Problem to work on: Exclude the pictures and repeat all of the data exactly.

Input data:
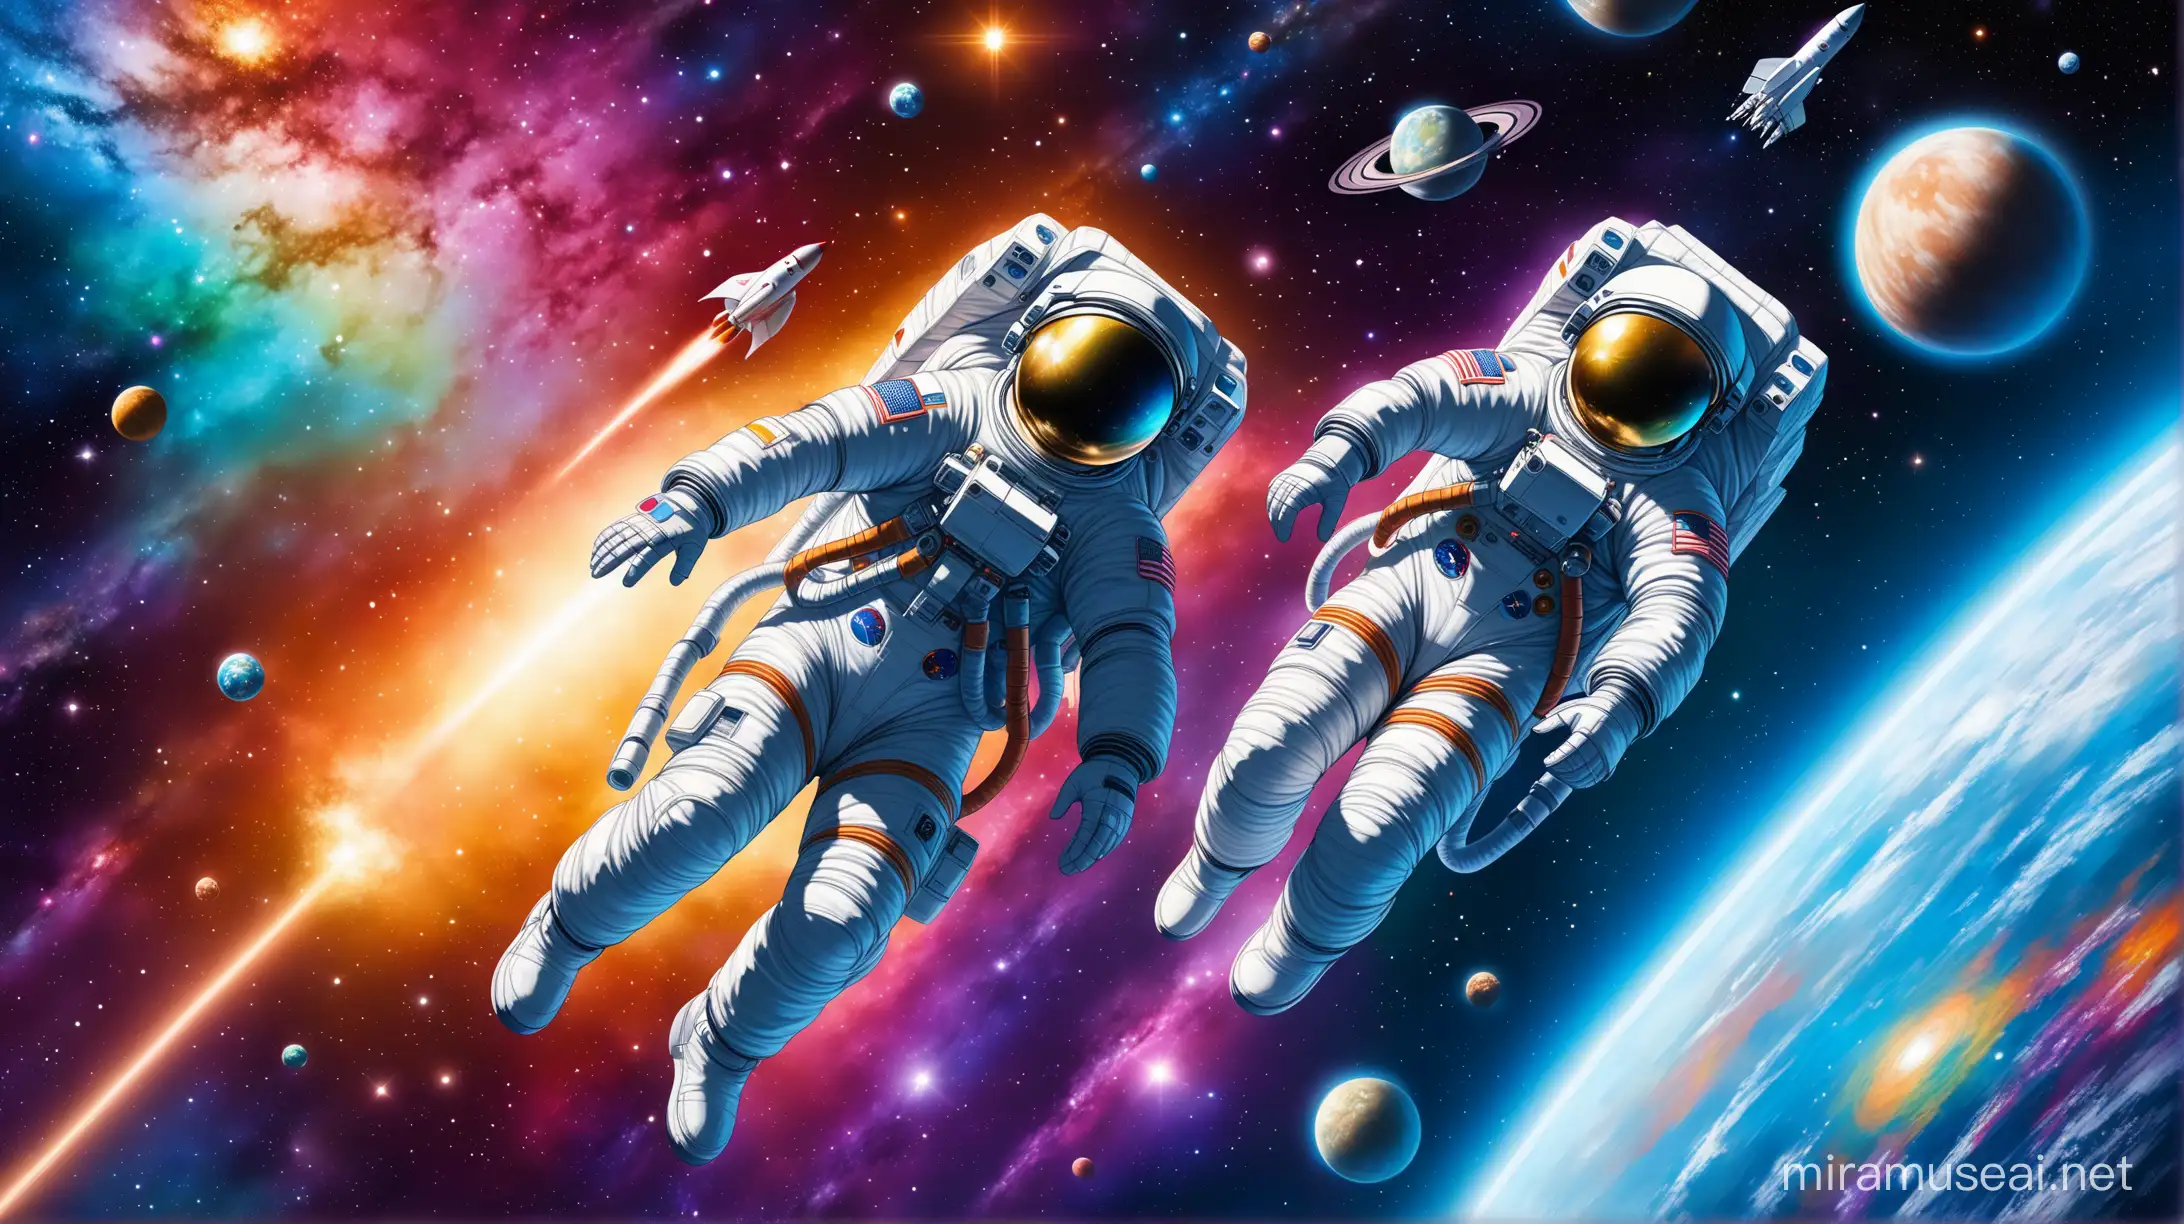 Astronaut Duo in a Vivid Cosmic Wonderland
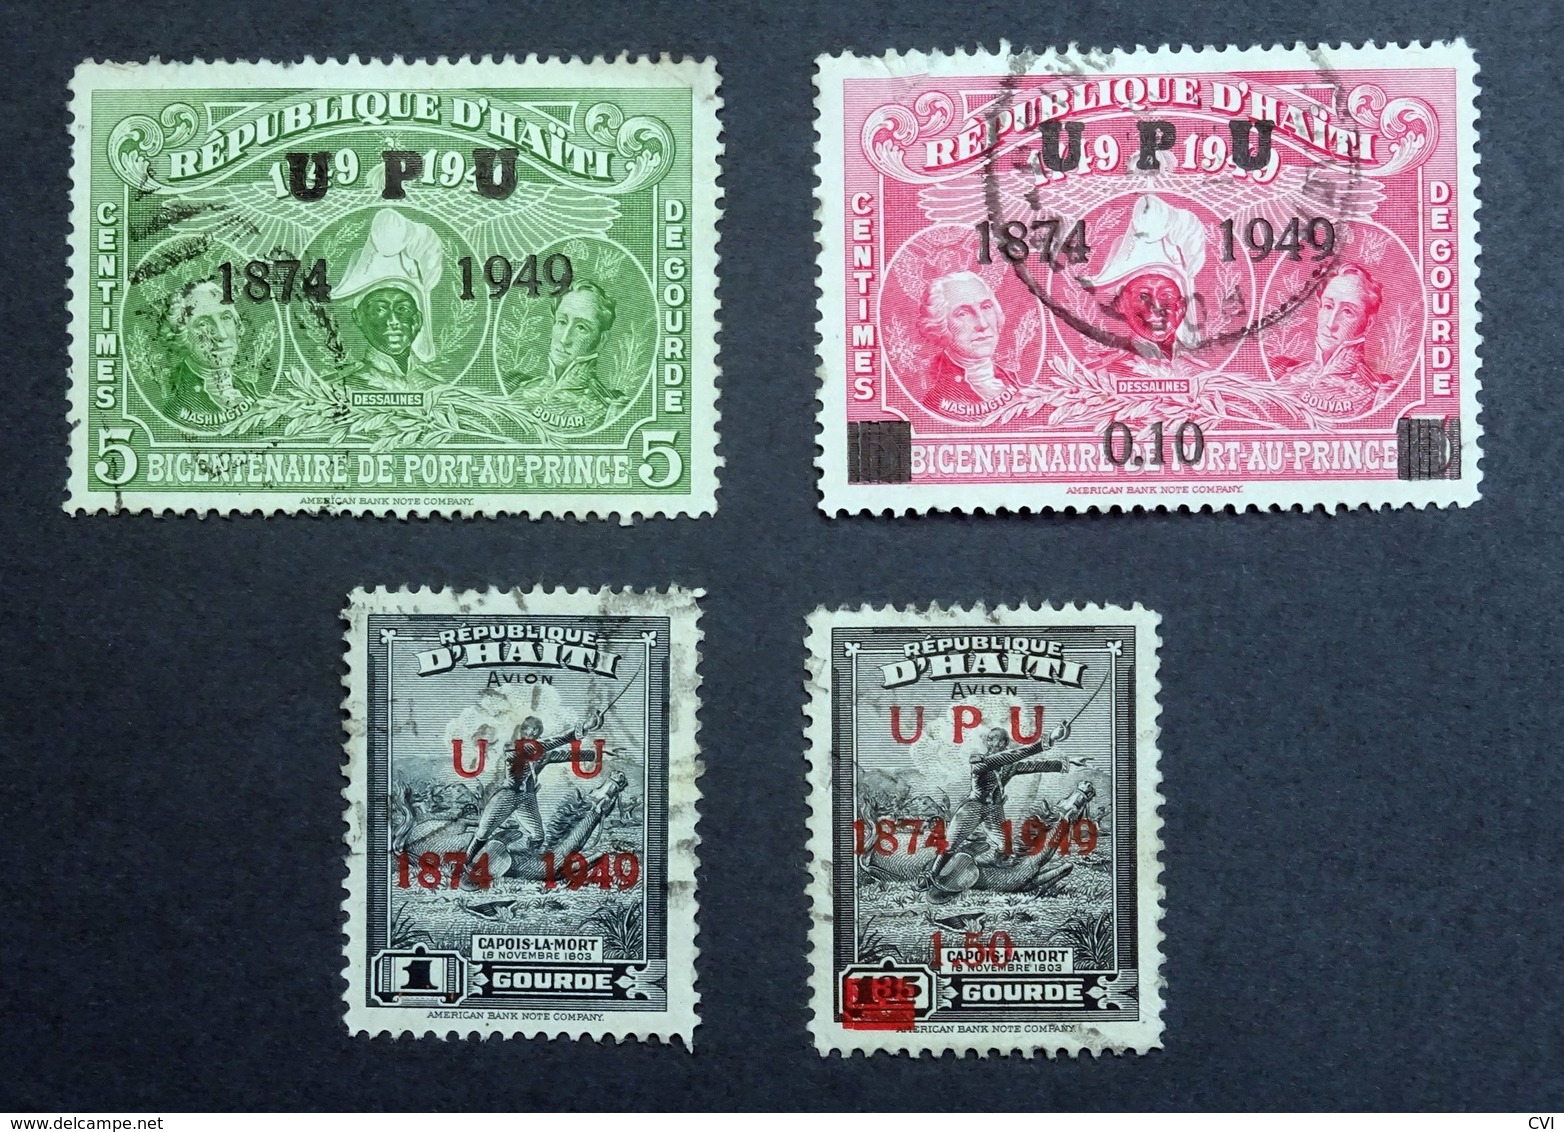 Haiti 1950 "THE 75TH ANNIVERSARY OF UPU" Overprint Used Selection. - Haïti
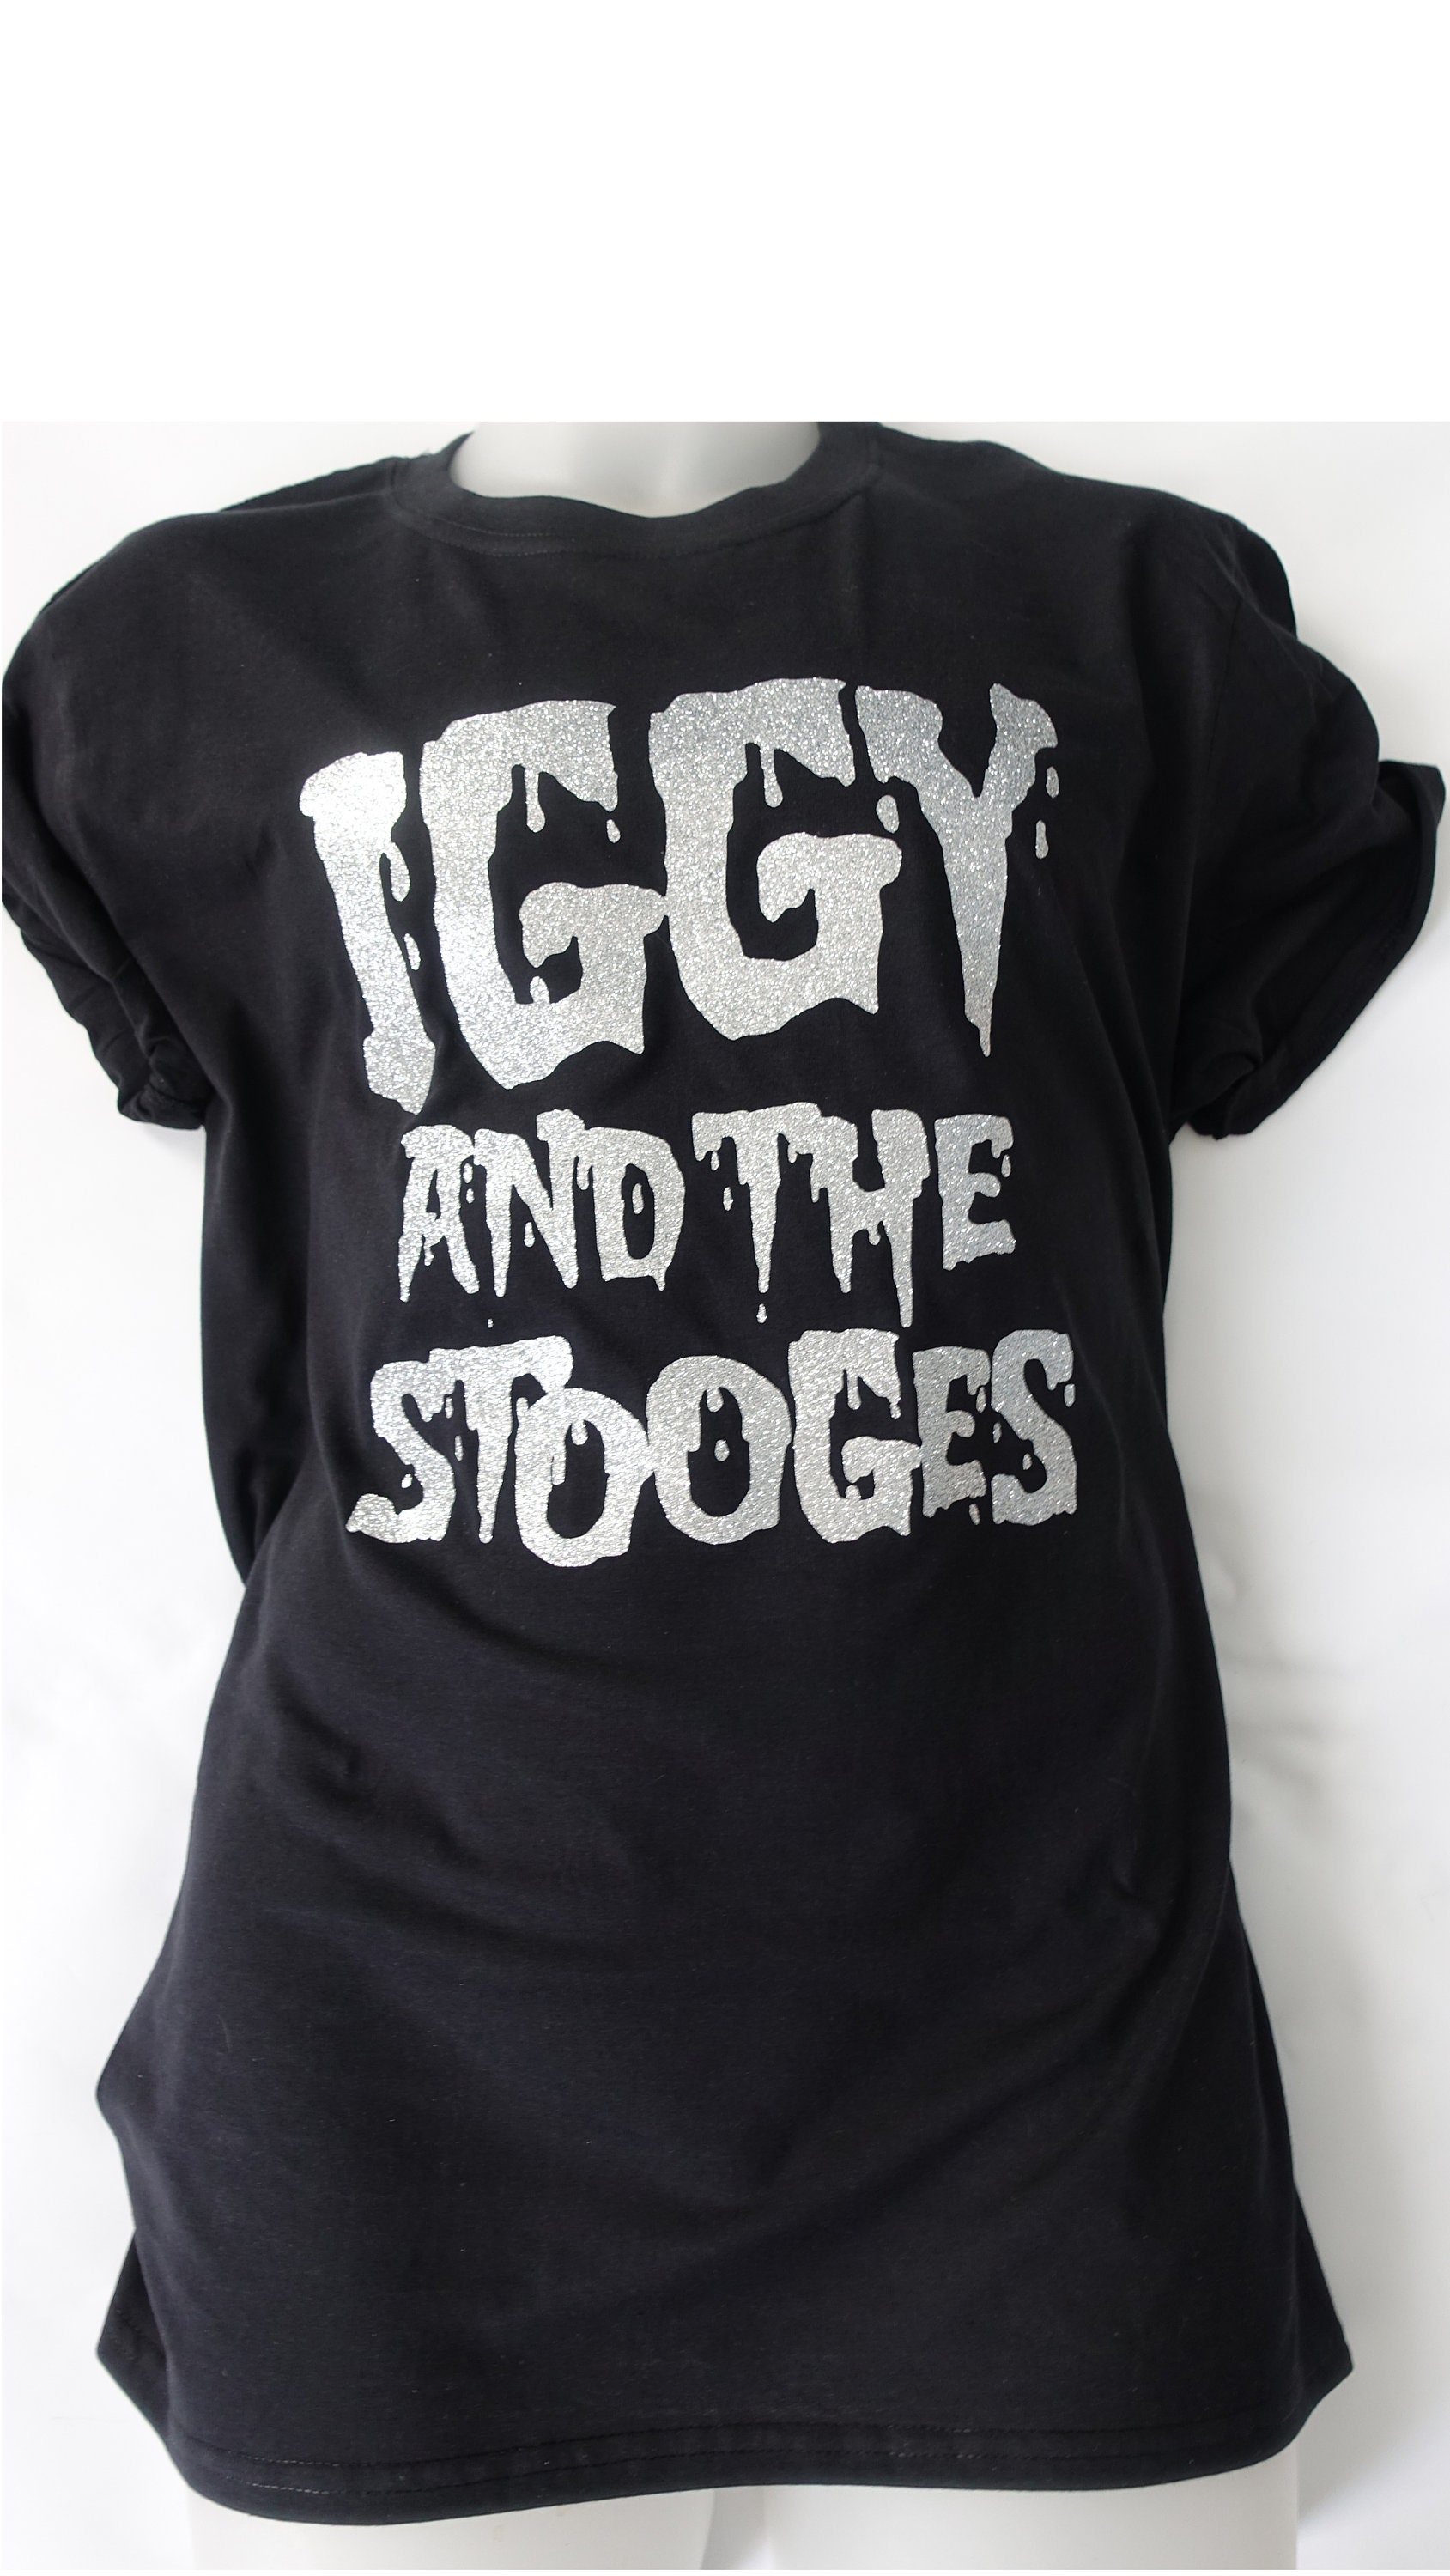 The Stooges Iggy Pop TShirt Punk Rock Band Men's T-Shirt 100% Cotton Round neck

Written solution:
 Astronaut Duo in a Vivid Cosmic Wonderland
 Haiti 1950 "THE 75TH ANNIVERSARY OF UPU" Overprint Used Selection. - Haïti
 The Stooges Iggy Pop TShirt Punk Rock Band Men's T-Shirt 100% Cotton Round neck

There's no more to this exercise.